Paris
Paris: The City That Requires Preparation to See Properly
Paris receives around 30 million visitors annually and is, city for city, the most visited place on earth. The concentration of significant art, architecture, and food in a walkable core is unmatched. The problem is that the tourist infrastructure is calibrated for those 30 million and most of what’s laid on for visitors is mediocre or actively bad. Distinguishing between the two requires knowing where to look.
The Monuments
The Eiffel Tower is better approached on foot than by lift; the views from the ground are more varied than from the platform. If you want the platform: queue at opening time (09:00), or book timed entry online at least a week ahead (€28.30/adult to the top). The Champ de Mars park below it is fine for a picnic; the grass is real and people use it.

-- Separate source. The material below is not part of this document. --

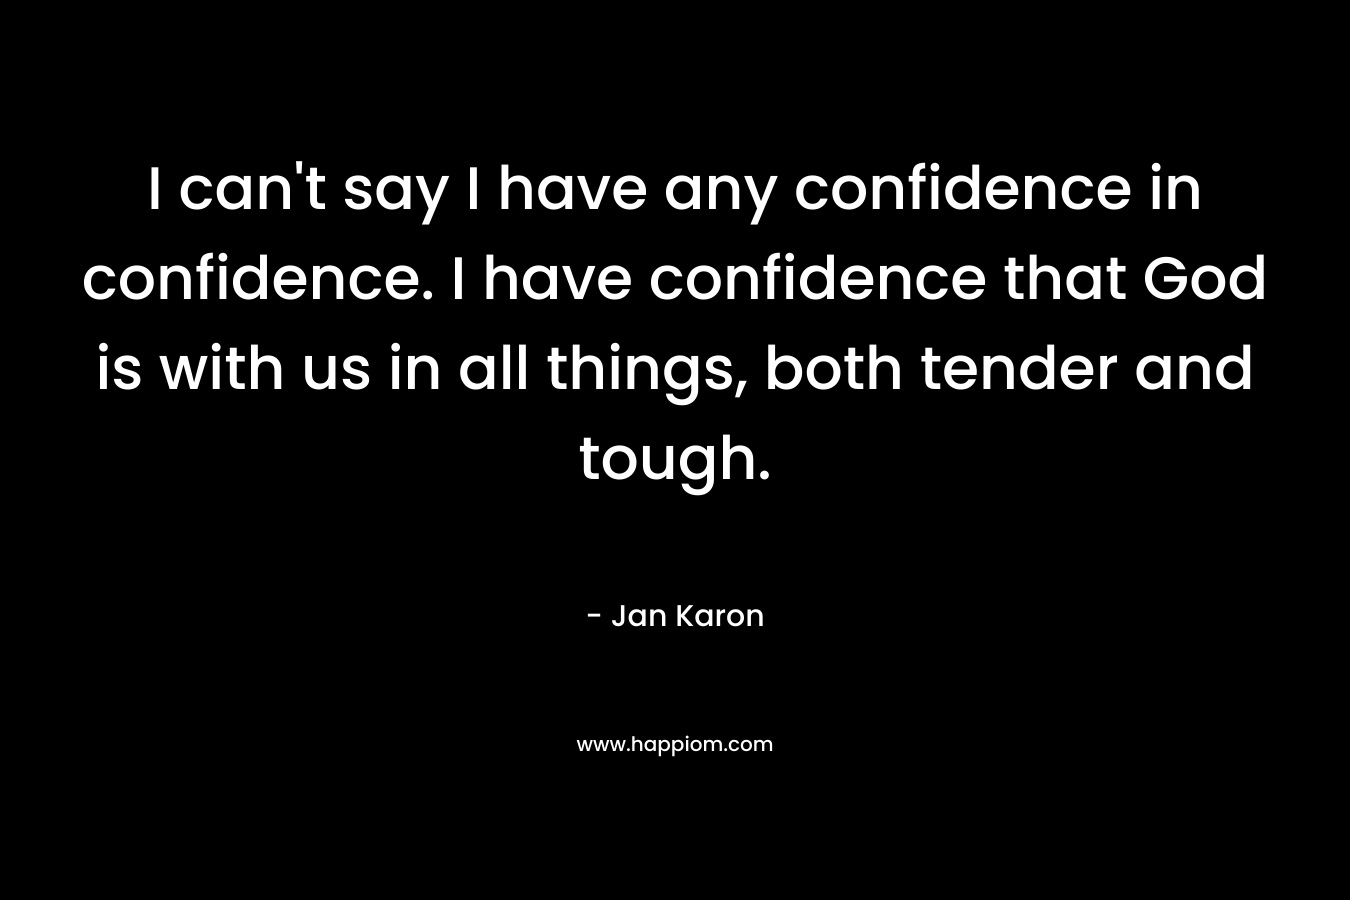 I can’t say I have any confidence in confidence. I have confidence that God is with us in all things, both tender and tough. – Jan Karon
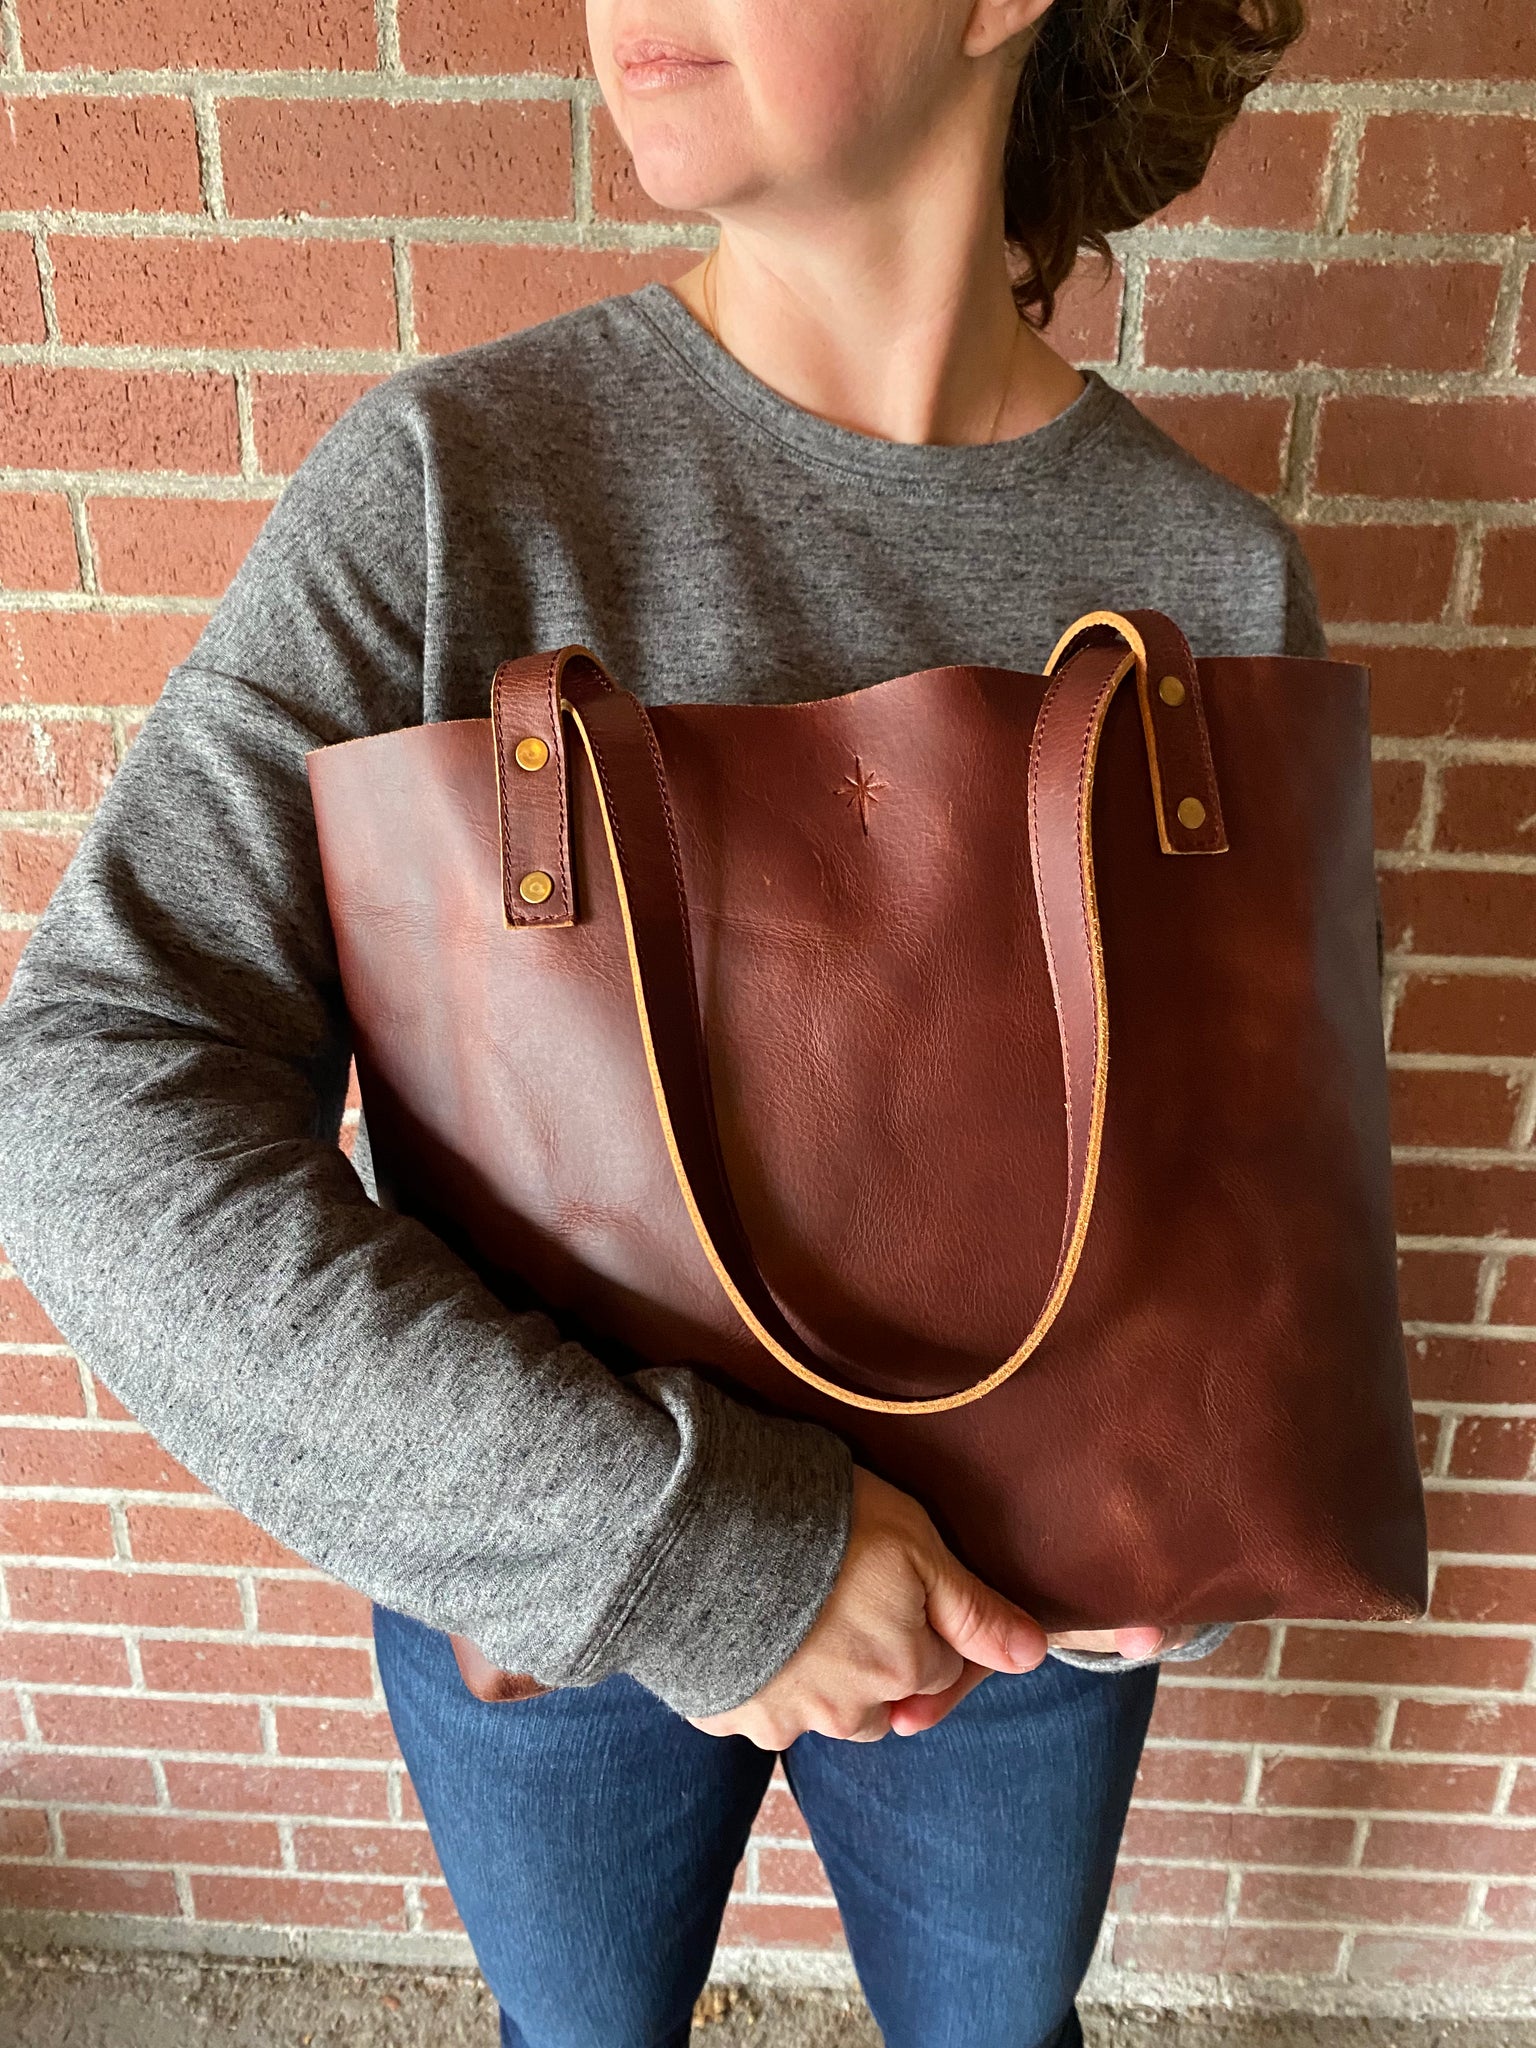 Girl holding brown leather tote bag

The Louvre: 35,000 objects, nine miles of galleries, and approximately 8 million visitors per year. The Mona Lisa is in room 711, behind three layers of glass and typically 30 people deep. If you’re there specifically for it, go at opening (09:00) and move directly there. If you’re there for the collection properly, the Egyptian Antiquities and the Denon Wing Greek sculptures are better uses of time and less crowded. Budget half a day minimum; a full day is not too much. Pre-book timed entry through the Louvre website; it costs nothing extra and bypasses the queues.
Musée d’Orsay, across the Seine, holds the Impressionist collections that were previously in the Louvre: Monet, Renoir, Degas, Van Gogh, Cézanne. The building is a converted railway station (1900) and is itself worth seeing. Timed entry available online; €16/adult, under 18 free. Book ahead.
Eating
French bistro food is subject to substantial variation in Paris. The distinction between a bistronomie (chef-owned, seasonal menu, serious cooking) and a tourist trap serving frozen quiche is not always visible from outside.
Le Relais de l’Entrecôte (three locations) serves exactly one thing: steak and fries with a walnut herb sauce. No menu, no reservations; you queue. Lunch or dinner costs around €30/person with wine. The sauce is genuinely good and the approach is efficient. This is the right version of a Parisian steak experience.
Septime in the 11th arrondissement is the most-discussed bistronomie of the last decade: a short seasonal menu, natural wines, no obvious deference to conventions. Reservations must be made exactly 14 days in advance; the phone line opens at 07:00. Dinner around €70 per person without wine.
For breakfast: any neighbourhood boulangerie serves butter croissants and coffee for €4-6. The croissant at Du Pain et des Idées in the 10th is worth the trip; they also do their own laminated bread called pavé that’s worth taking back to your accommodation.
Neighbourhoods Worth Walking
Le Marais (3rd and 4th arrondissements) has the best density of decent places to eat, galleries, and the Jewish quarter on Rue des Rosiers. It’s also where most of the young professional Parisian social life concentrates.
Canal Saint-Martin (10th) has the less-polished version of the same: independent shops, cafes used by people who live there, fewer tourists. The iron footbridges and the tree-lined canal are photographed constantly and are still worth seeing.
Staying
Central Paris accommodation is expensive. The 1st, 4th, 6th and 7th arrondissements are most convenient for monuments; the 10th and 11th are cheaper and more interesting. Hôtel du Vieux Saule (11th, doubles from €130) is consistent. Budget: Generator Paris (10th, near République, dormitories from €30, private rooms from €90) is the best-run large hostel in the city.
The Paris Métro is cheap and covers the city thoroughly (€1.73/trip with a carnet of 10); the Zone 1-2 Navigo weekly pass costs €22.80 and covers unlimited travel from Monday to Sunday.